It seems that every six months or so, digital cameras and phone cameras hit the market with more and more megapixel capability. These days, 10 megapixels is a pretty standard sensor rating even in small point-and-shoot cameras. Smart phone cameras are already entering the 5 to 8 megapixel range. All these megapixels produce excellent digital pictures. They also produce digital files the size of buses.
A single picture right out of today’s consumer cameras can easily be 3 megabytes or more in size. Pushing a 3 megabyte picture out of a blog page is roughly akin to trying to move a shipping container strapped to the top of a VW. It’s a lost cause.

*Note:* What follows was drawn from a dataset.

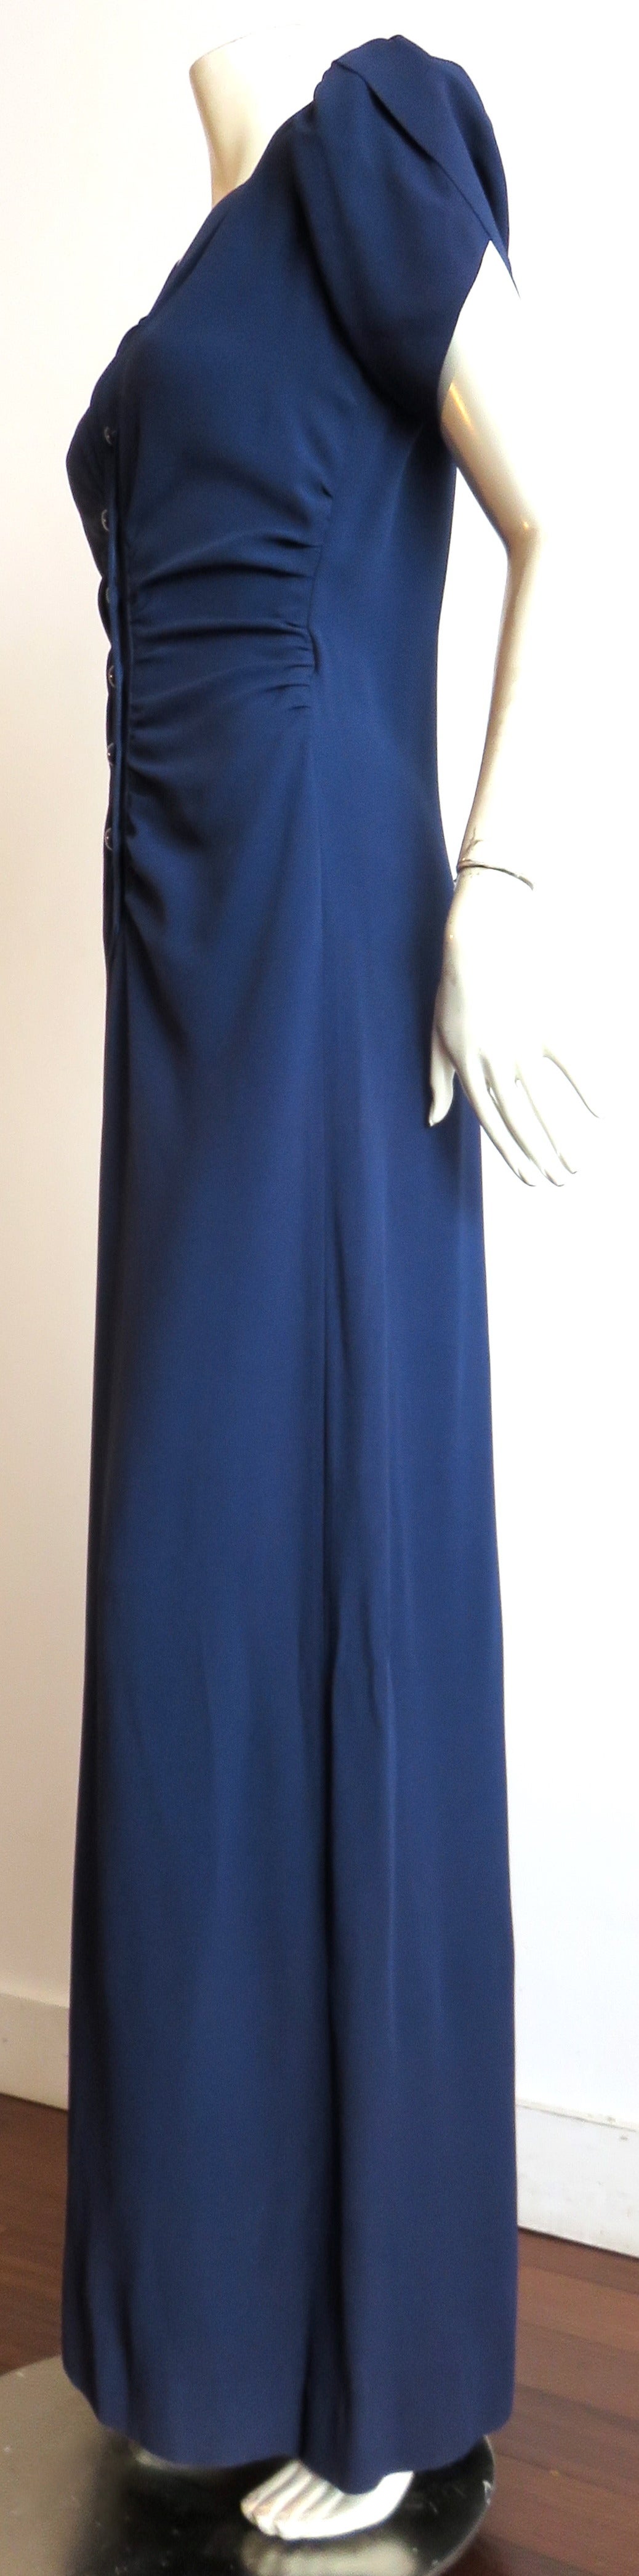 1983 YVES SAINT LAURENT 40's style blue crepe dress For Sale 3

There are two preparatory steps necessary to get a picture fit for web display before you upload the picture to your blog or other web display space. The process is called image optimization. (search “image optimization” for lots of how-to info and online tools)

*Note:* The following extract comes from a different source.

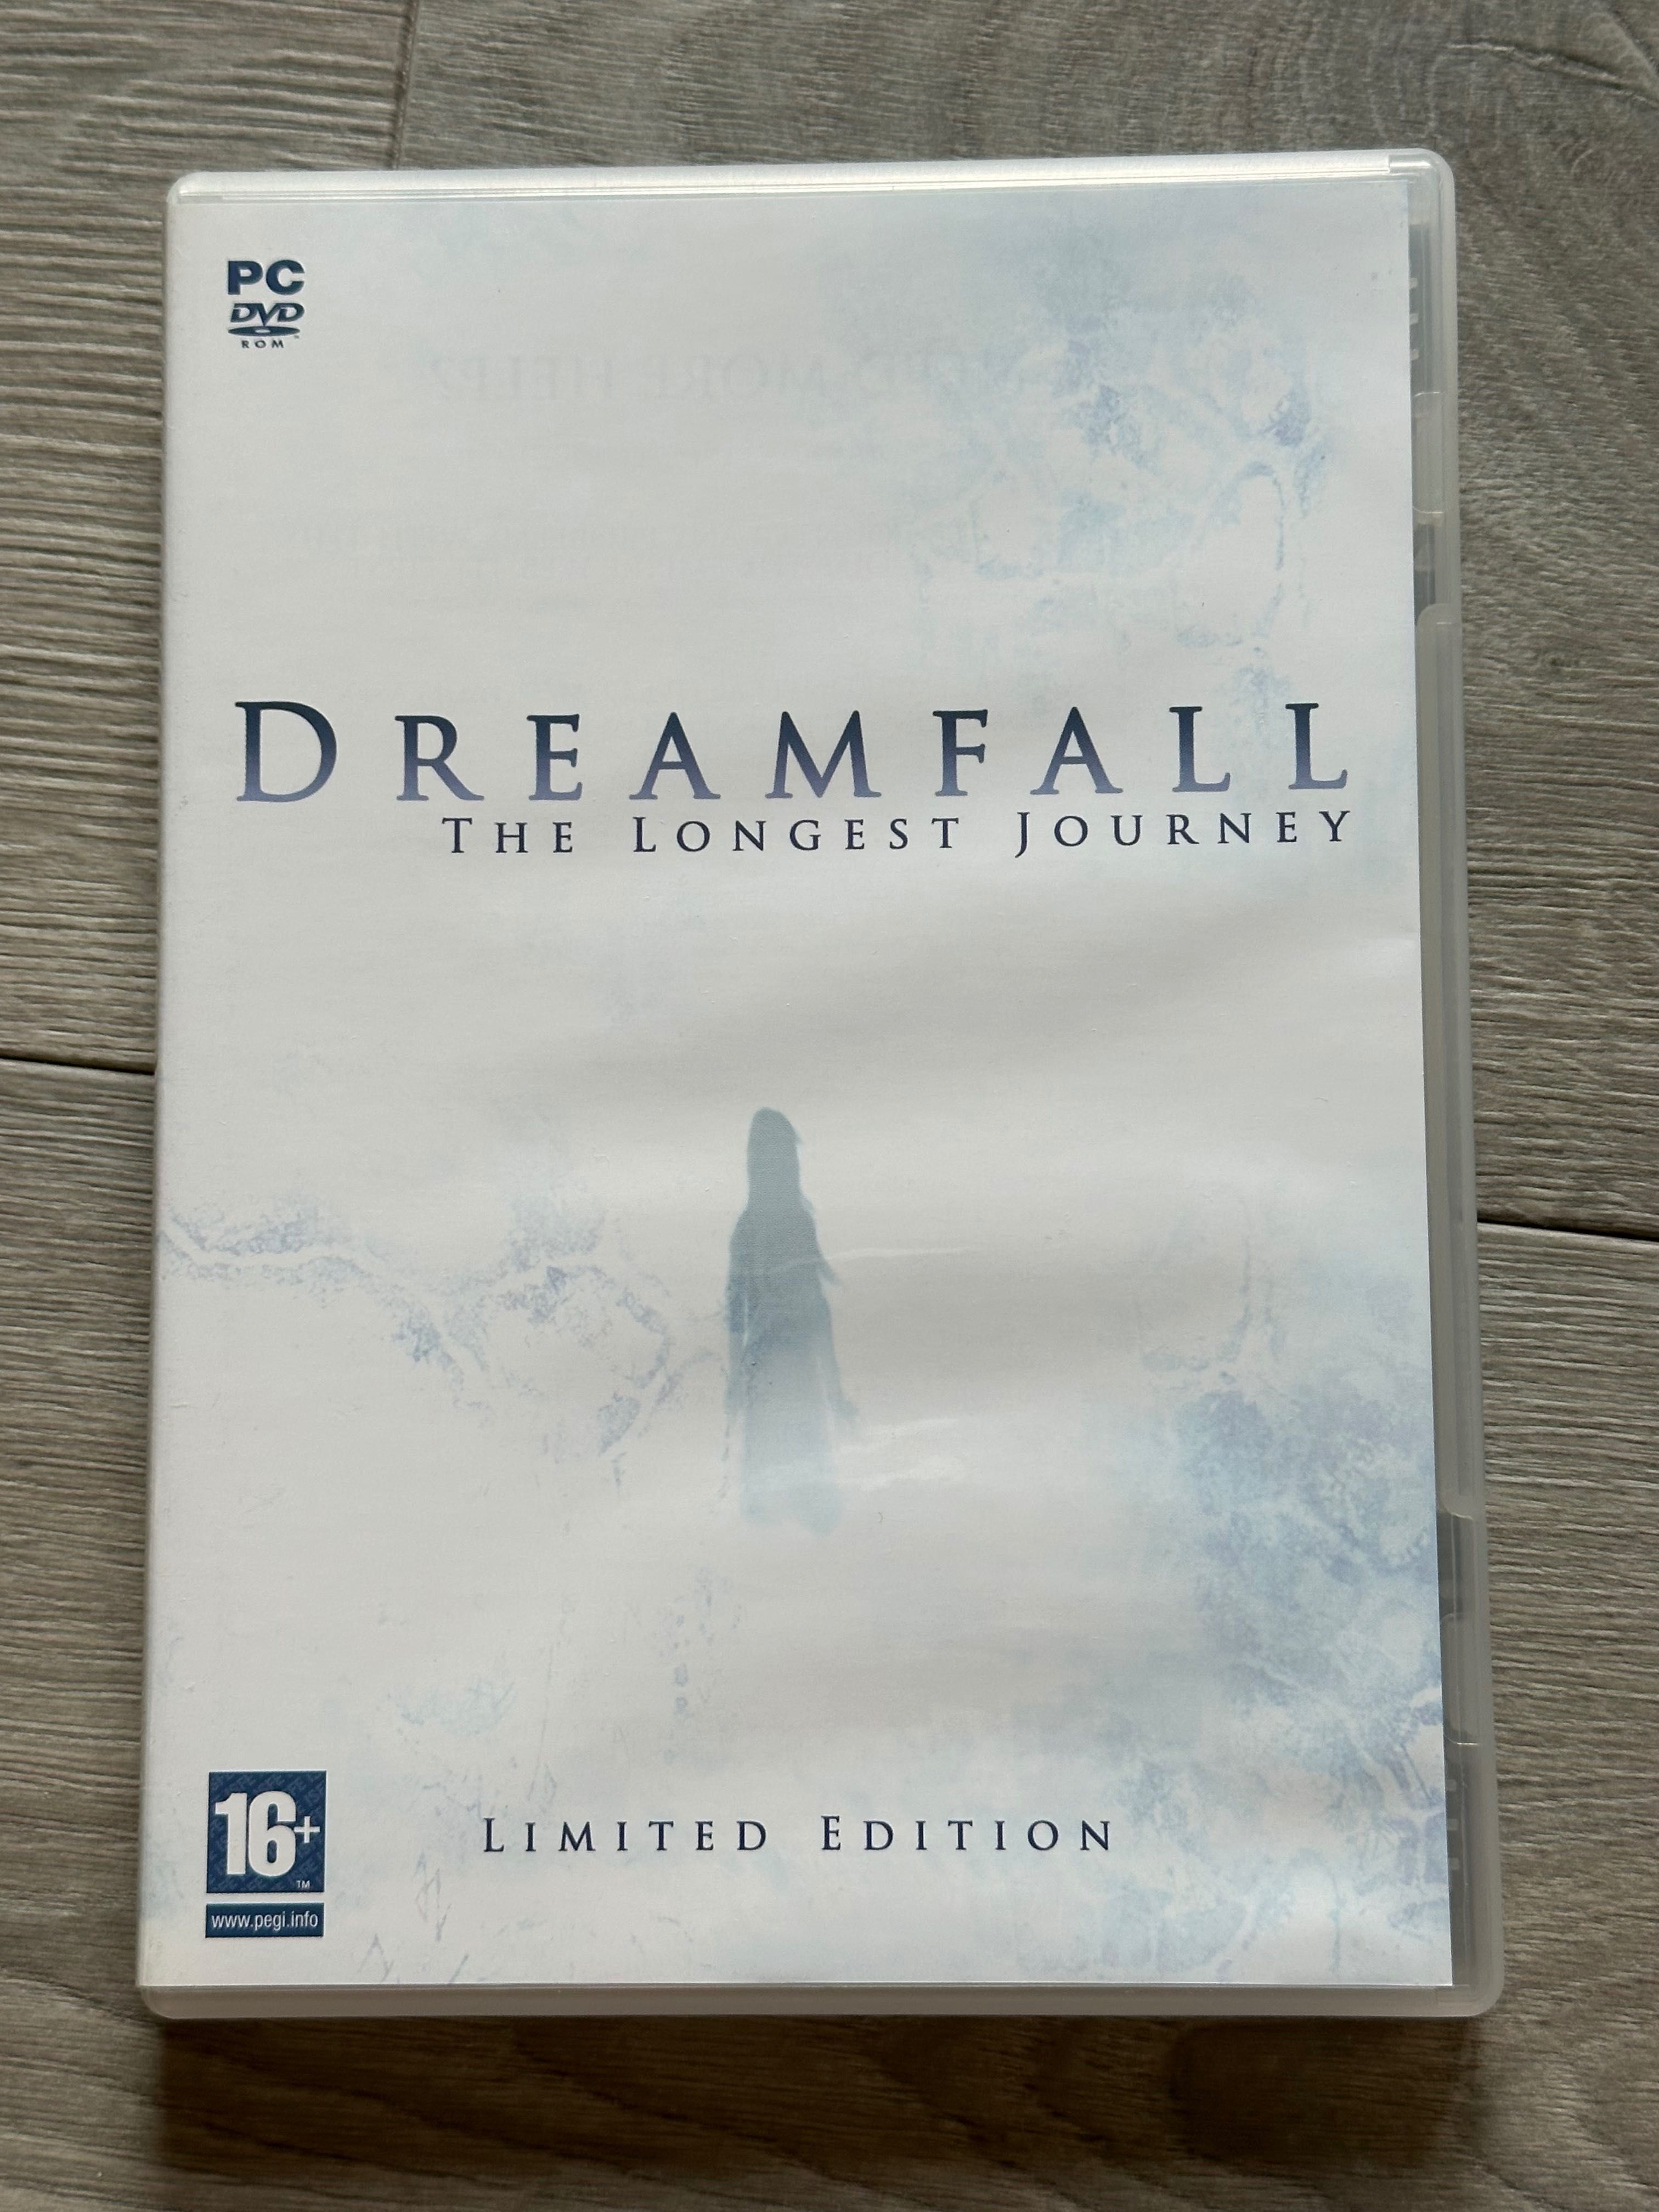 Dreamfall: The Longest Journey (Limited Edition) / PC / EN

Step 1 – re-dimension the picture to the actual dimensions in pixels that you want it to display once it is inserted in the web page. Keep in mind that the bigger the picture is dimensionally, the bigger its file size will be, even after compression.

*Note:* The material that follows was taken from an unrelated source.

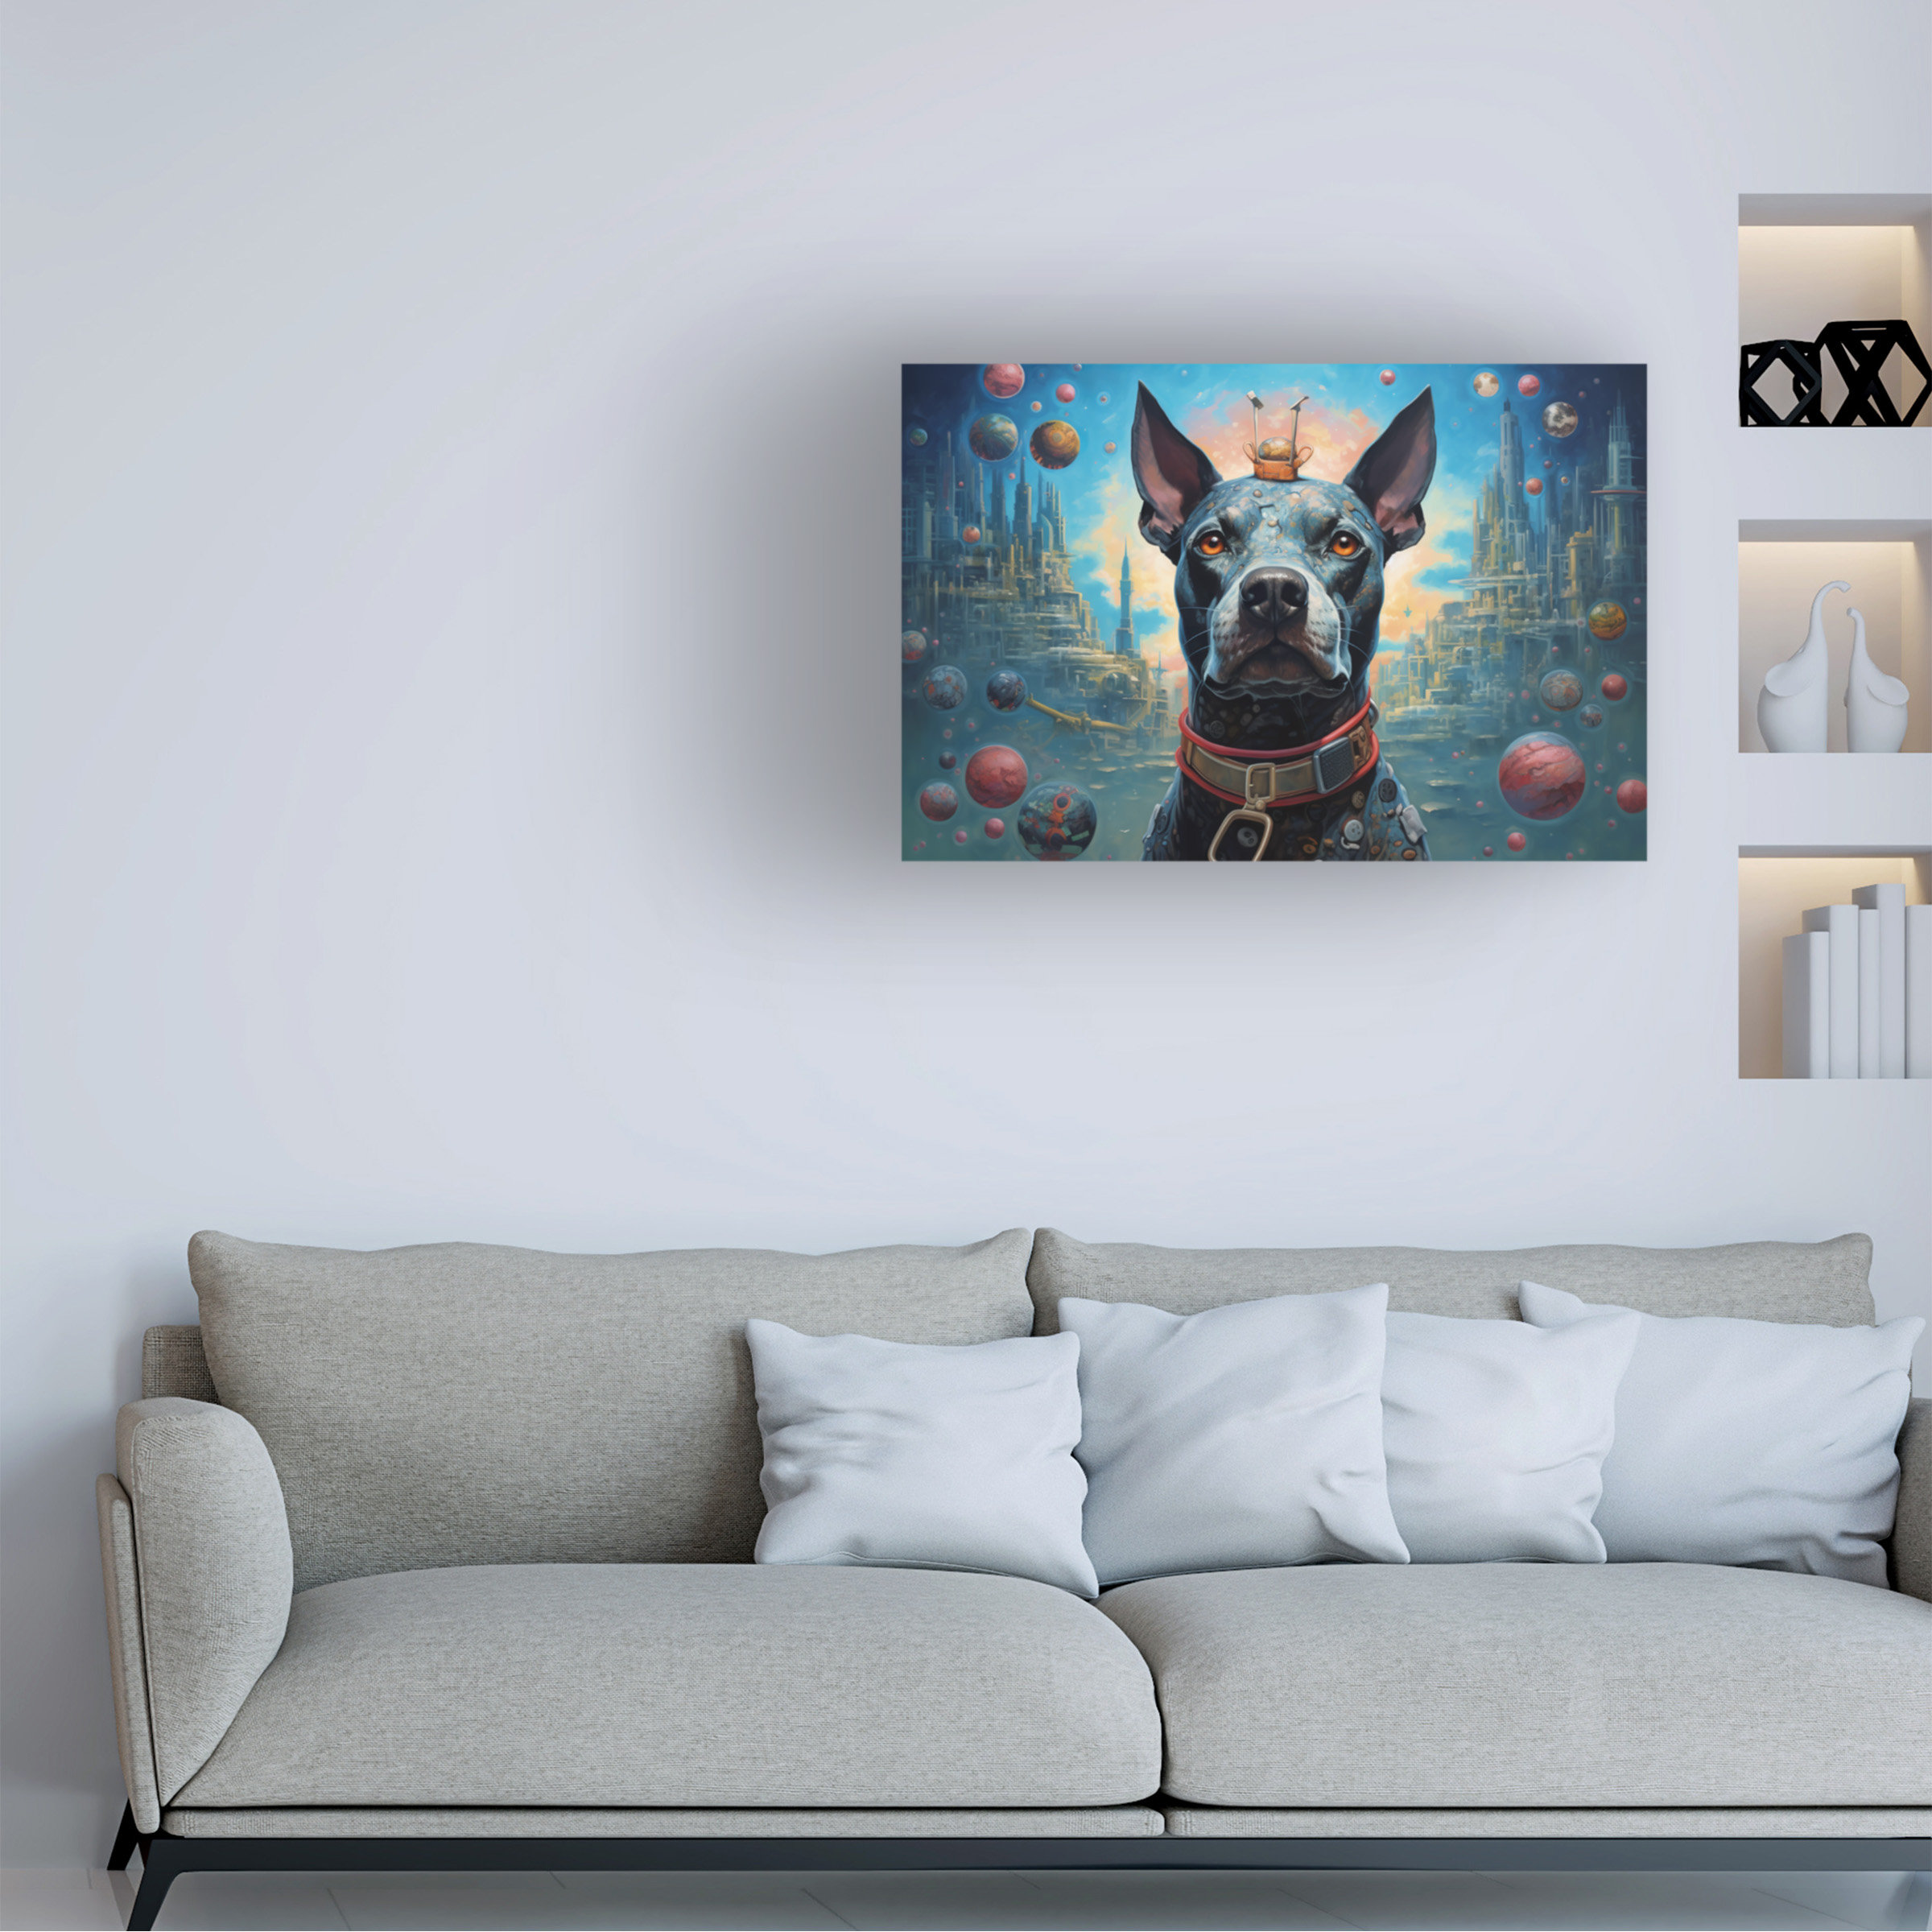 Dog Themed Room Decor, Dog Wallpaper

Step 2 – compress the final picture after you re-dimension it using an image optimizer utility that outputs to an image format suitable for display on web pages – usually jpeg, gif or png.
Check out/download the free desktop program, VirtualStudio from OptikVerve Labs to help you with prepping your pictures for web publishing.
http://www.optikvervelabs.com/virtualstudio.asp
Size and touch up your original photo in VirtualStudio. When you “Save As“, look for the Advanced button on the save dialogue. Click this to find a compression slider. 80% on the slider is a good starting point. (jpeg images.) If you are saving as a GIF file you will find the number of colours under the Advanced button, starting at 256 scale this back to 128 or 64 to cut the file size.
Making sure that your images are well optimized before you load them to your web page or blog will ensure that you are not balooning the overall weight of your page and causing load time to slow to a crawl.